-- Extracted entries follows --
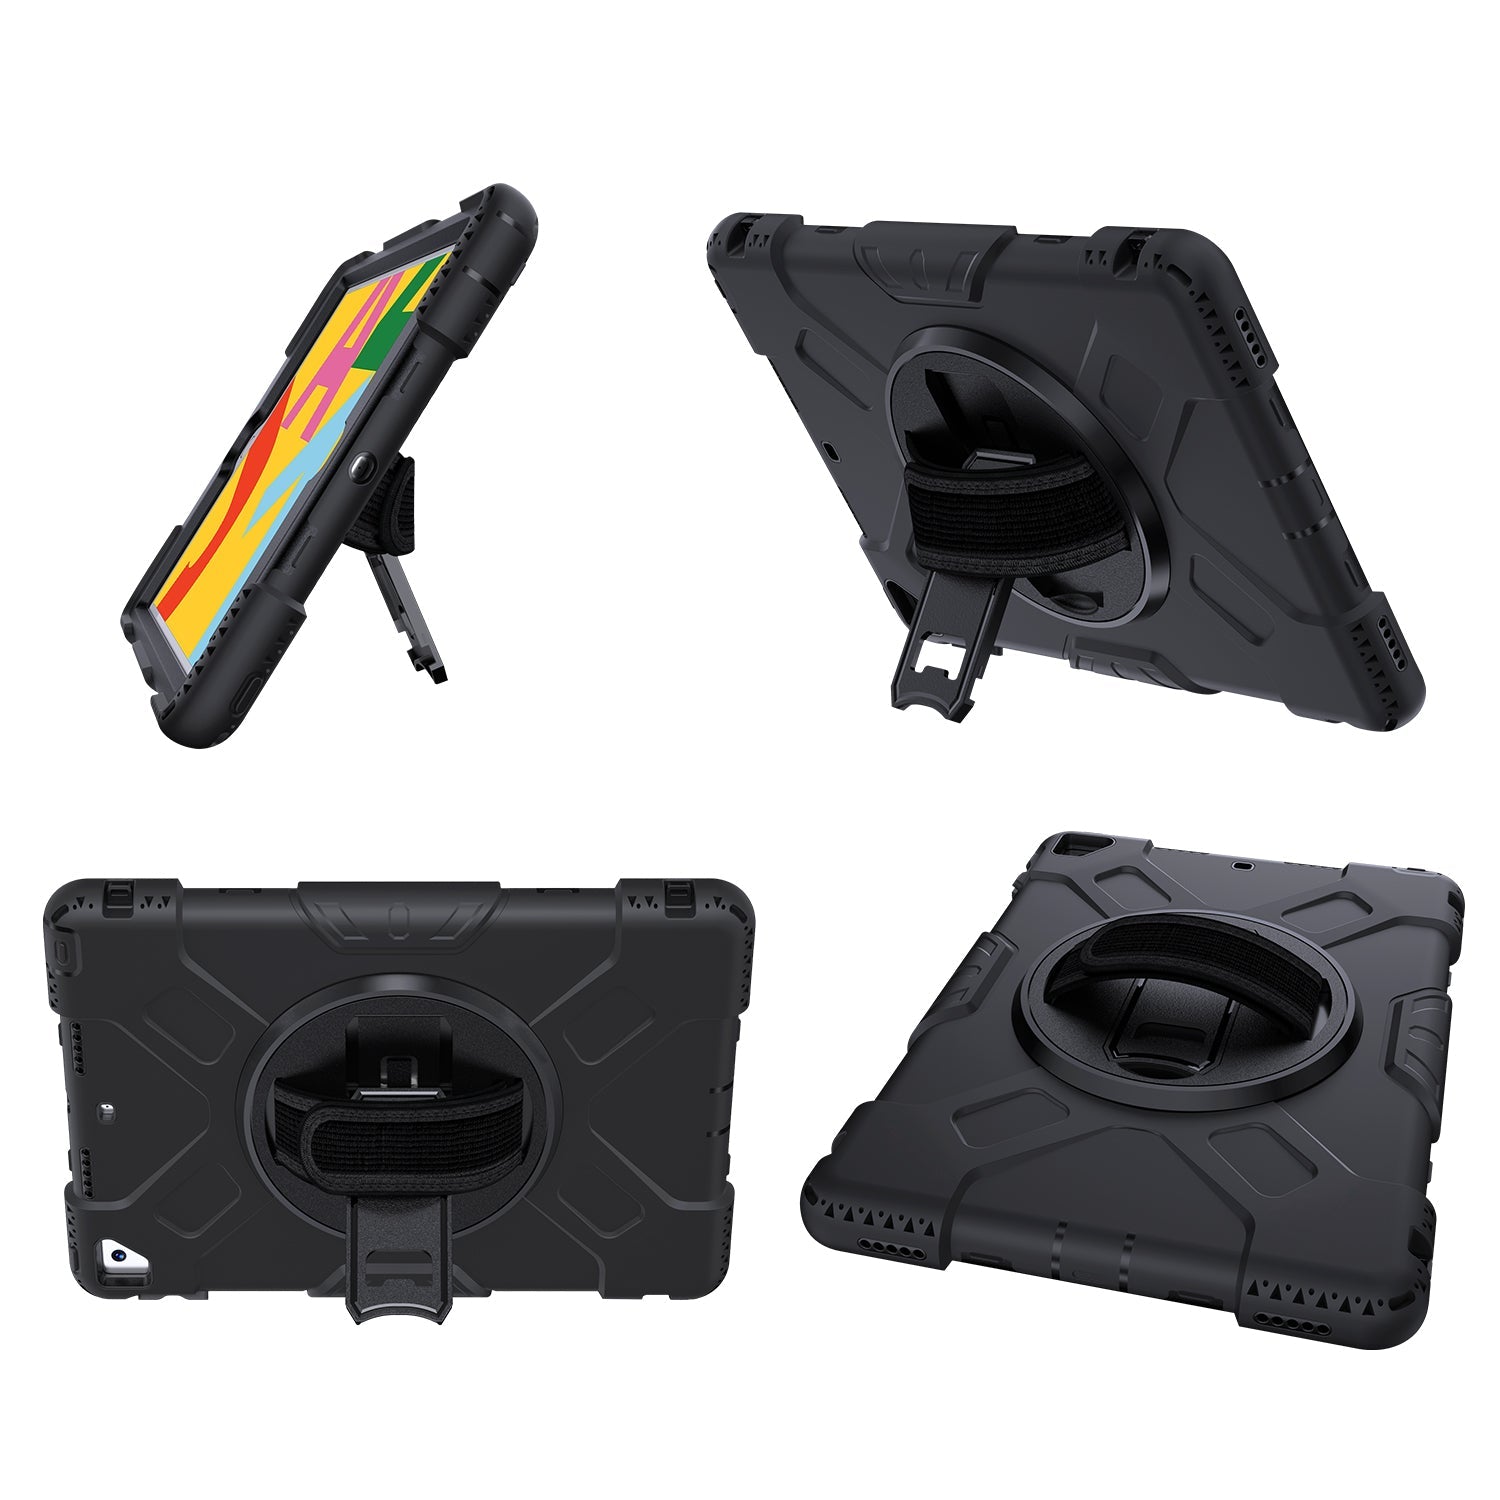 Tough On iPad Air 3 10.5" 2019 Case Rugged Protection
-- Extracted entries concluded --
-- Extracted entries follows --
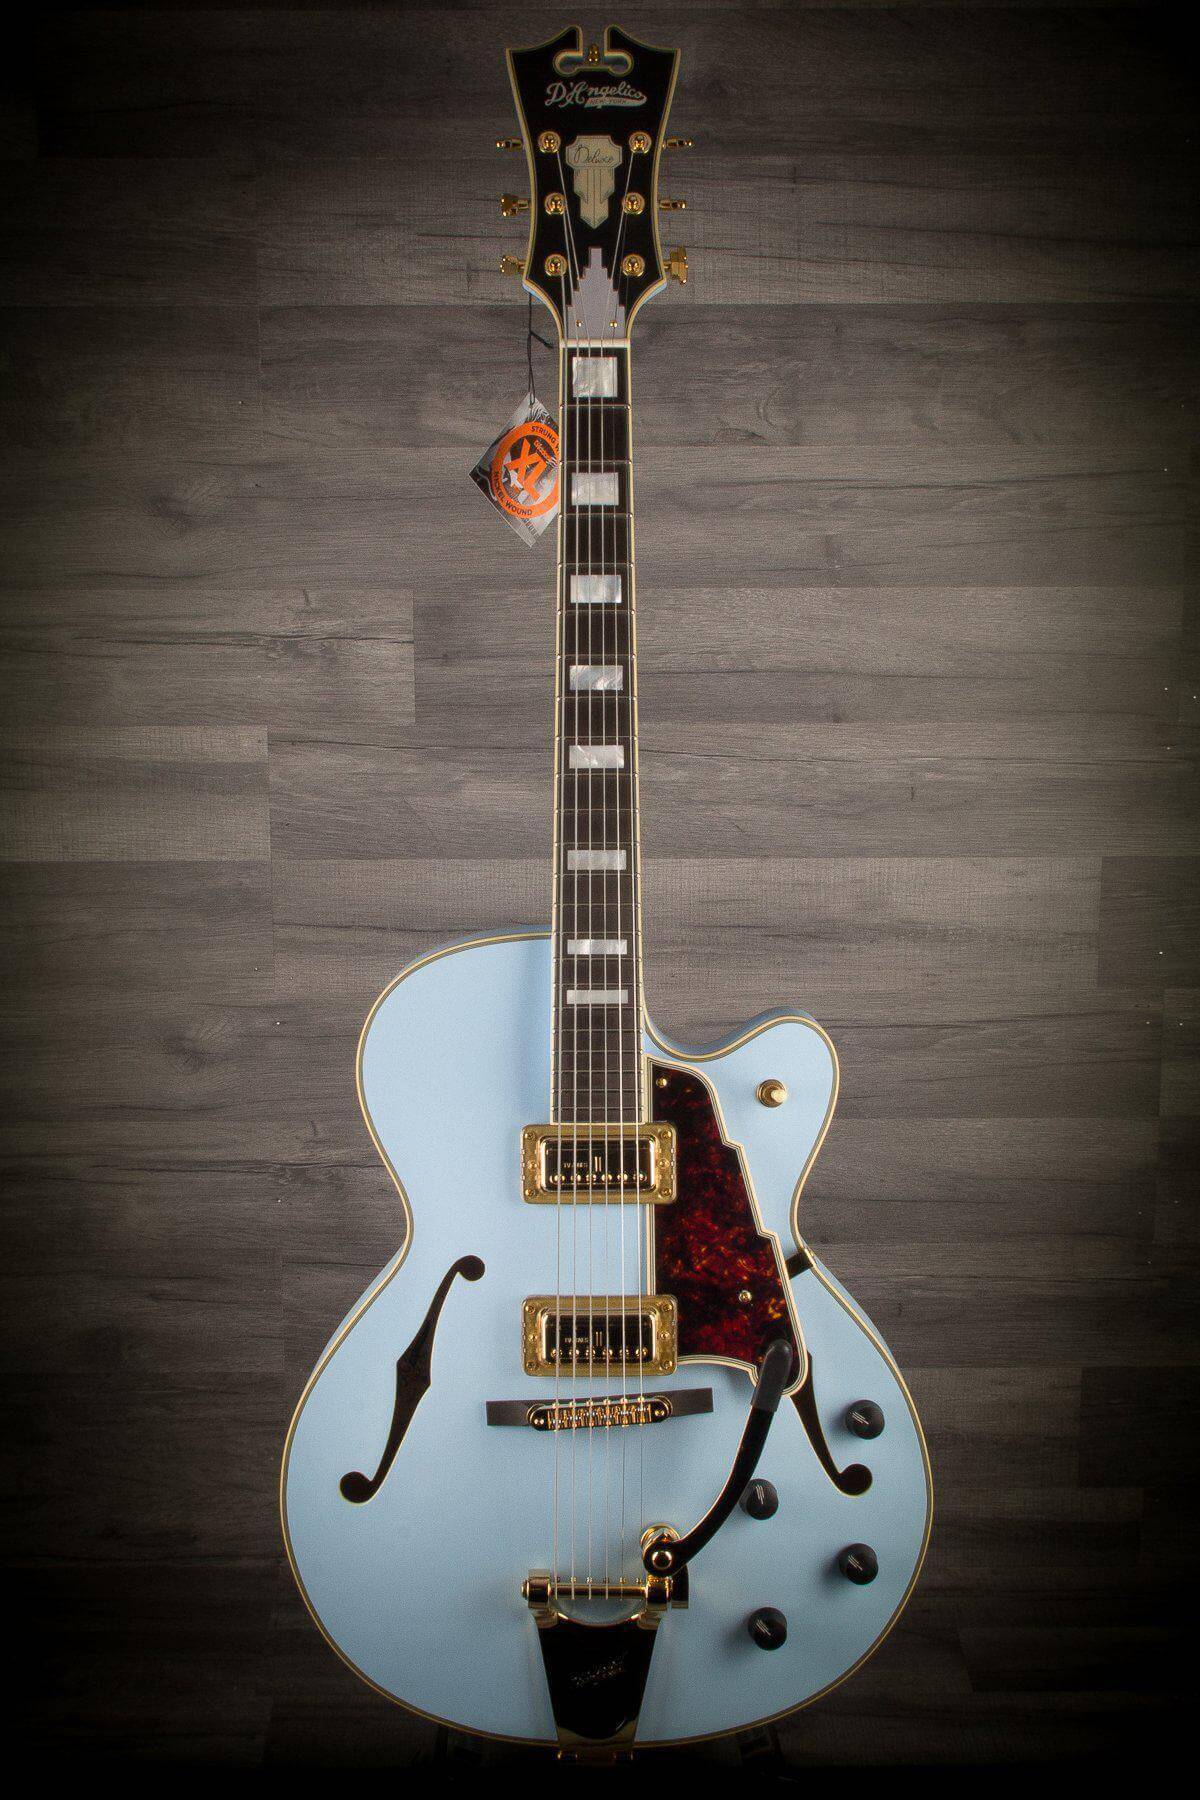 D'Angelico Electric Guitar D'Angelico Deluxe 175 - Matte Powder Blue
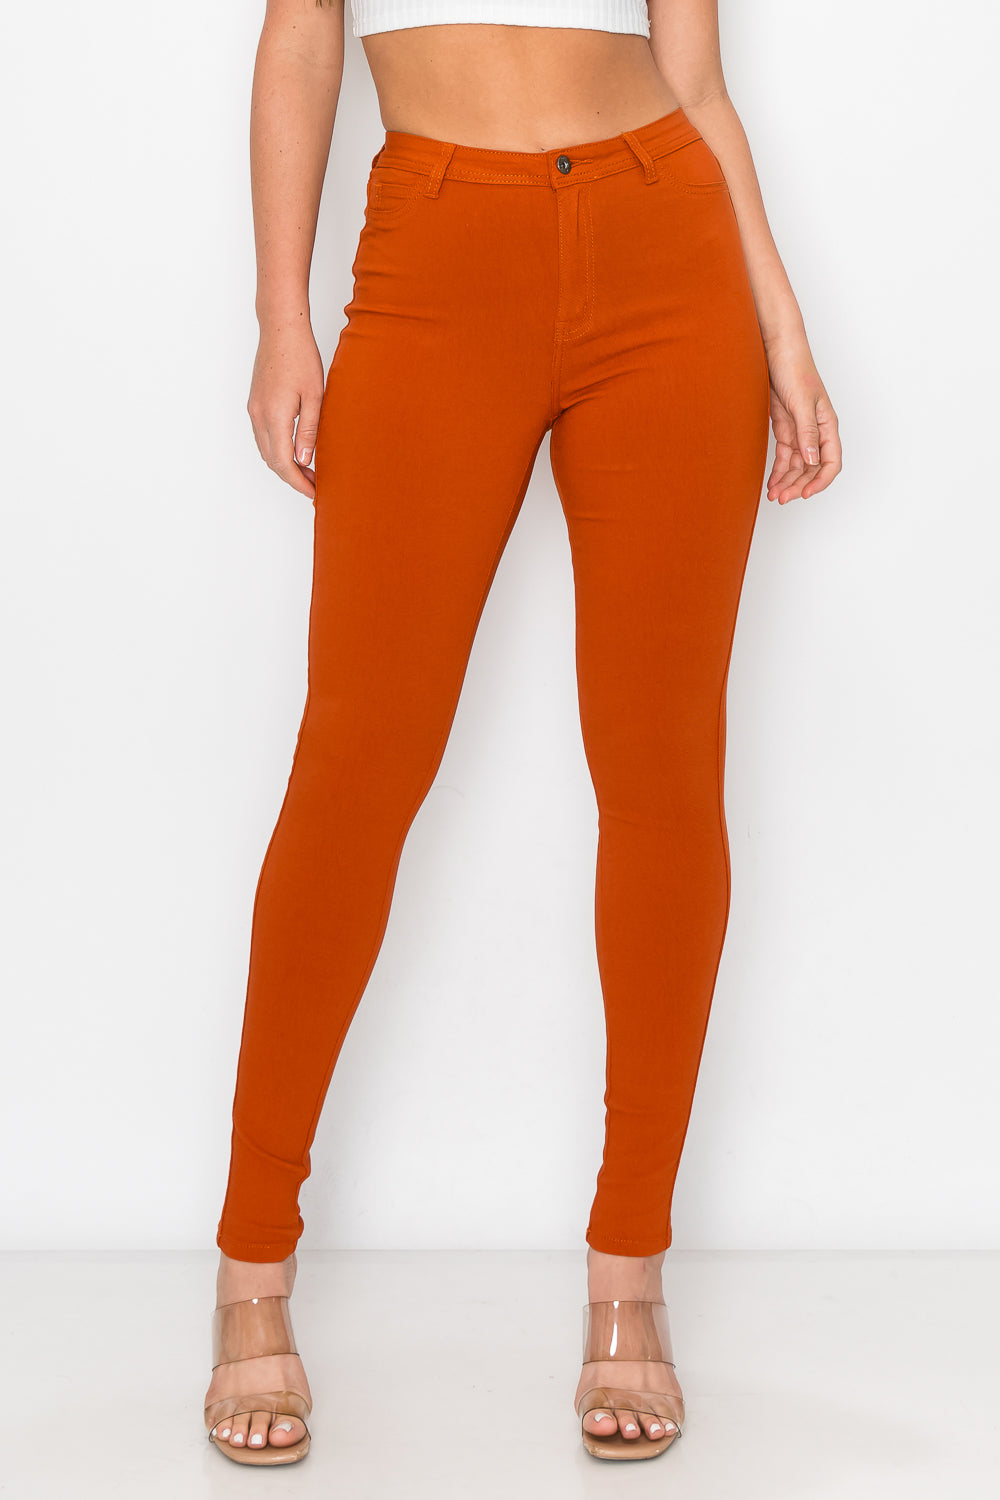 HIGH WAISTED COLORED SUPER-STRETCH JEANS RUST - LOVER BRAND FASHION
-- Extracted entries concluded --
-- Extracted entries follows --
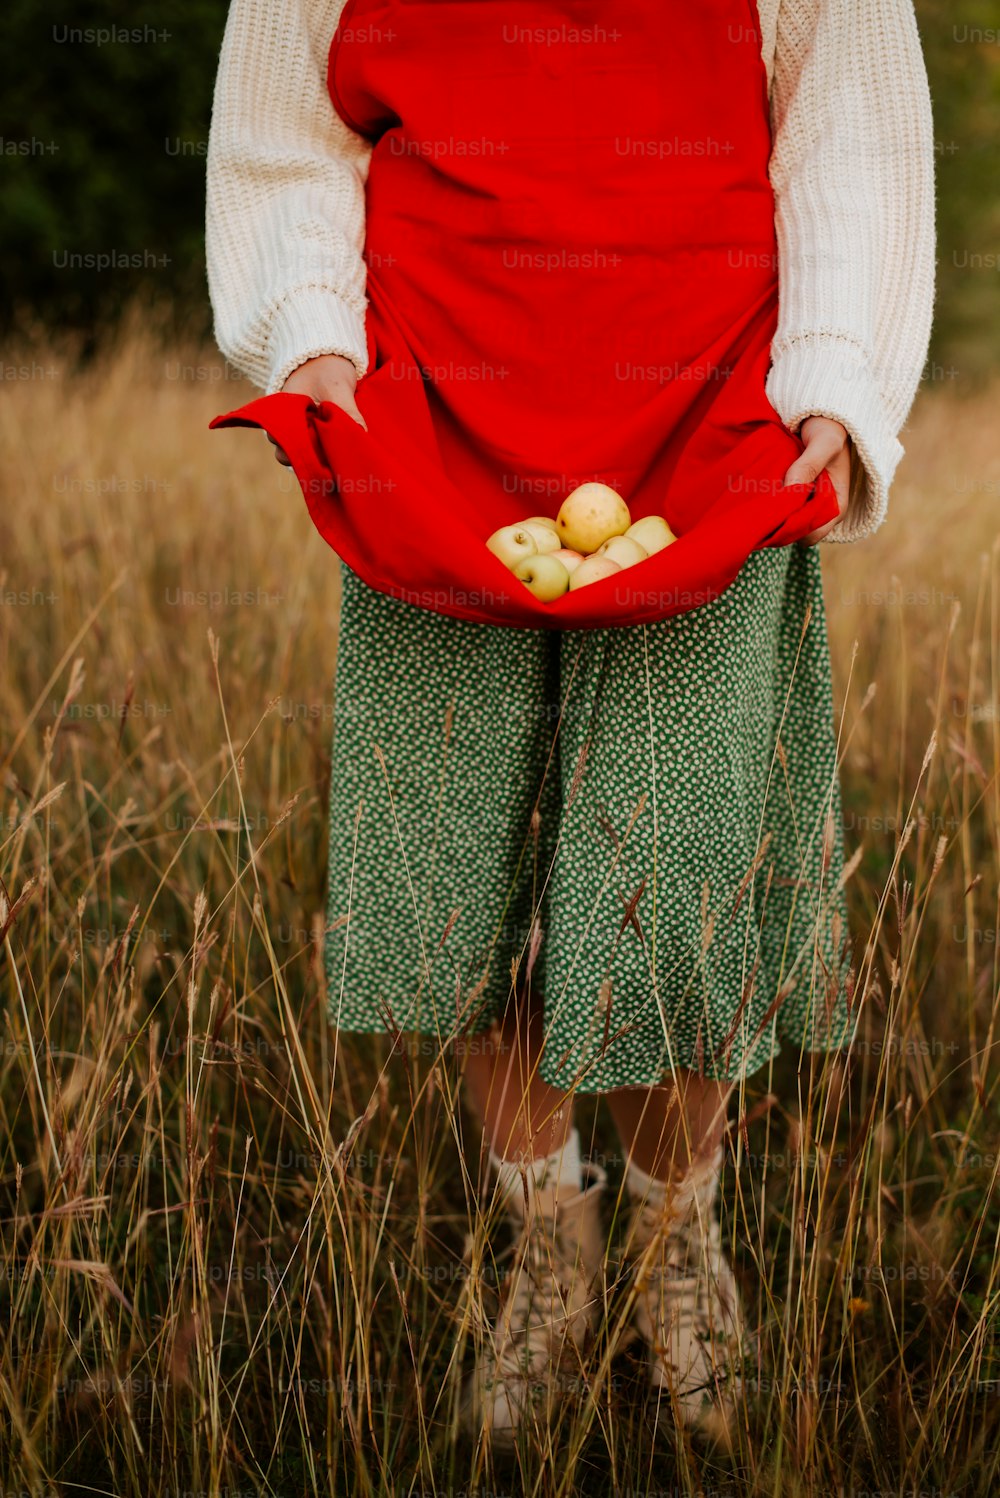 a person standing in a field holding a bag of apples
-- Extracted entries concluded --
In the listing above, find the line with "D'Angelico Electric Guitar" and the line with "HIGH WAISTED COLORED". Copy exactly those lines and all between them, minus the images.

Task solution:
 D'Angelico Electric Guitar D'Angelico Deluxe 175 - Matte Powder Blue
 HIGH WAISTED COLORED SUPER-STRETCH JEANS RUST - LOVER BRAND FASHION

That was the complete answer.